A primeira destas pessoas, uma empresária, era como o comensal de que vos falei antes, mas pior ainda. Era tão infeliz por ter uma grande fortuna, que só aceitou falar sobre isso na rádio se não revelássemos o seu nome.

Os ricos, assim lhe tinham ensinado, não eram pessoas muito simpáticas. E quando descobriu que passou a fazer desse grupo, quando o capital da sua empresa foi disperso em bolsa, começou a temer que os seus amigos - e sobretudo o homem que conhecera recentemente e que auferia um salário médio - olhassem para ela de uma forma diferente.

Disse que fez agora as pazes com o seu dinheiro, aprendendo a usá-lo de forma eficaz, mas continua a achar que as pessoas que sabem que ela é rica a tratam de forma diferente - com maior deferência e com menos interesse pelos seus pontos de vista - do que aqueles que não sabem que ela é detentora de uma boa fortuna.
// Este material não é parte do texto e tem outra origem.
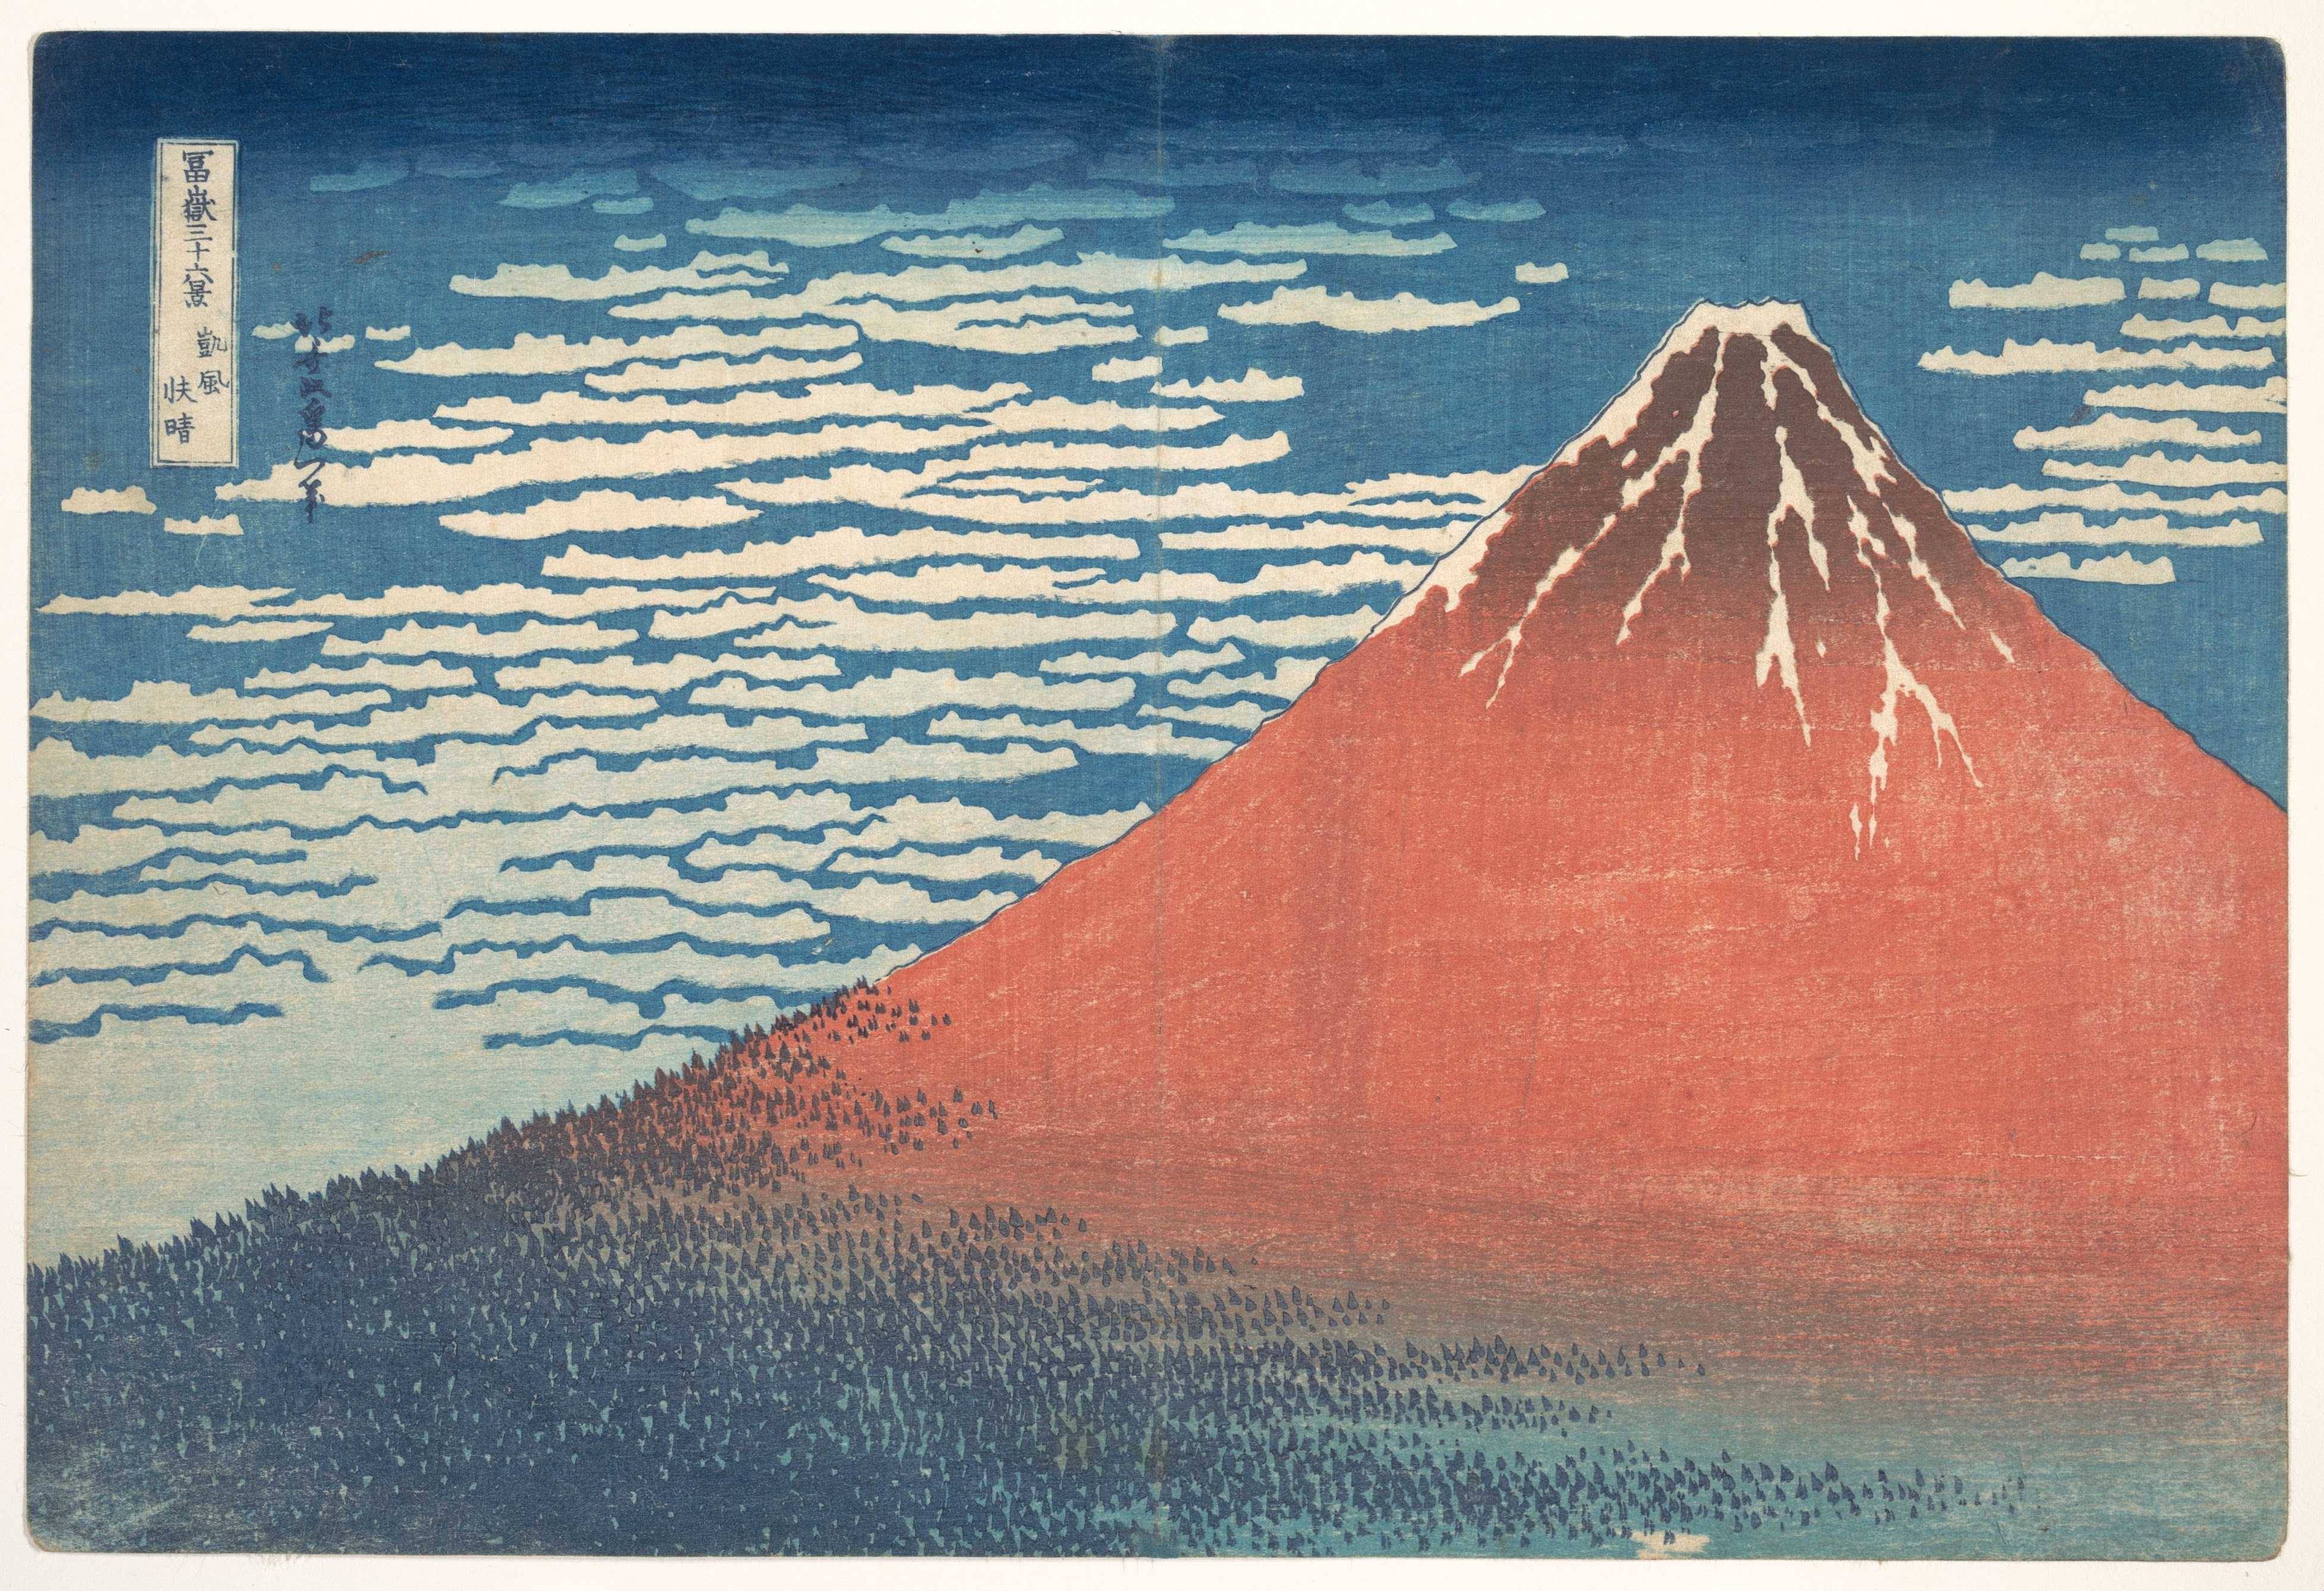 Find out more about Katsushika Hokusai - South Wind, Clear Sky

O homem que entrevistei em seguida tinha uma relação mais pacífica com o seu dinheiro, de que gostava evidentemente. Propusera-se deliberadamente a acumulá-lo: e quando o conseguiu, chegou à conclusão que a vida com um Maserati e um avião particular era melhor do que sem isso. Mas não estava satisfeito. Queria continuar a ascender na lista dos ricos, de modo a criar mais emprego para os outros e comprar um avião maior para si.
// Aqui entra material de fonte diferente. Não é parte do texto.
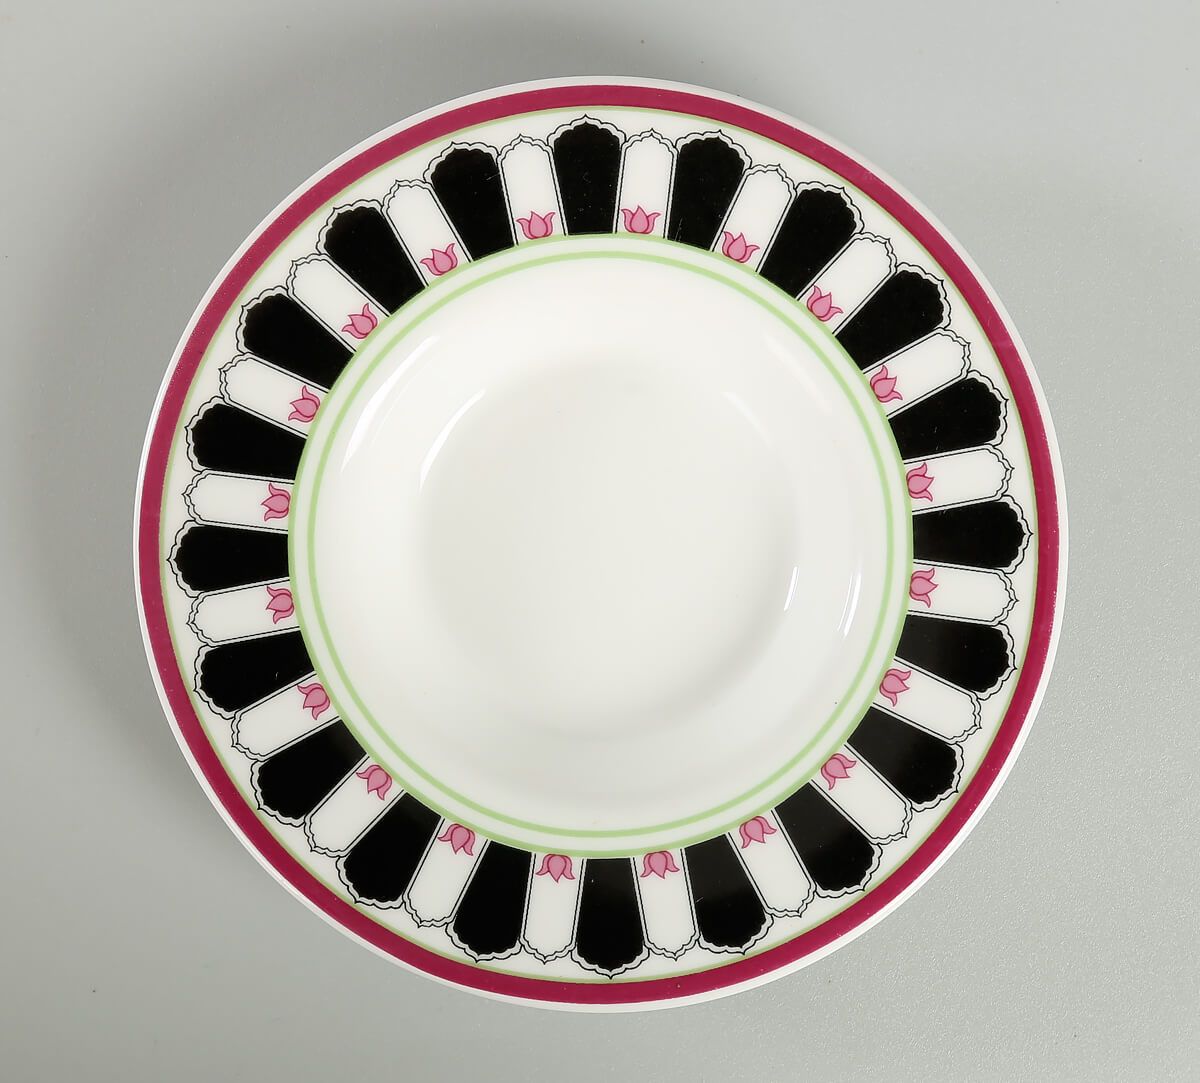 India Circus Appliqued Harmony Cup and Saucer (Set of 6)

O terceiro homem herdara parte de uma imensa fortuna de seu pai. Sempre fora rico e sempre fora um grande mecenas das artes. Mas quando lhe perguntei se o seu dinheiro o isolara, disse que, com ou sem ele, seria sempre uma pessoa isolada. E quando lhe perguntei o que o dinheiro fizera para os seus filhos, faz uma careta e disse que não queria falar disso.
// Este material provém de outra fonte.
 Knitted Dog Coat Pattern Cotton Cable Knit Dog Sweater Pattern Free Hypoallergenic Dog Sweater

A única coisa que une estas três pessoas super ricas é o facto de todas terem protestado quando lhes chamei precisamente ricas. Pouco importava que estivessem entre as mil pessoas mais ricas do país - nenhuma delas se via como tal. Isto porque, ao avaliar a nossa riqueza, tendemos a olhar para cima e não para baixo. Por mais ricos que sejamos, existe sempre alguém mais rico do que nós. Quando conduzimos o nosso novo avião privado para o seu lugar no hangar, se o avião ao lado for maior, então não somos assim tão ricos.

E pensando nisto, também tenho a minha dose de culpa. Não me descrevo como rica, uma vez que conheço pessoas mais ricas. Mas uma vez que faço parte dessa percentagem de pessoas no topo no país, isso faz de mim uma pessoa com os bolsos cheios.

E o que é que sinto sobre o meu dinheiro? Ao fazer este programa dei comigo a pensar no que é isso de ter o dinheiro certo e no facto de ter atingido provavelmente esse patamar.

Ter o dinheiro certo significa ter dinheiro suficiente para não termos que nos preocupar quando surge uma emergência. Mas não tanto a ponto de ficarmos infelizes pela forma como o gastamos ou de nos preocuparmos se os/as nossos/as filhos/as virão a casar com prospectores/as de ouro. Apercebi-me que não me importo de falar de dinheiro. Importa-me sim falar sobre isso. Os pobres pensam nisso a toda a hora. E o mesmo acontece com os super ricos. Para mim, temos dinheiro suficiente quando nem pensamos nisso.

* Programa One to One, 9.30, Terças-feiras, BBC Radio 4.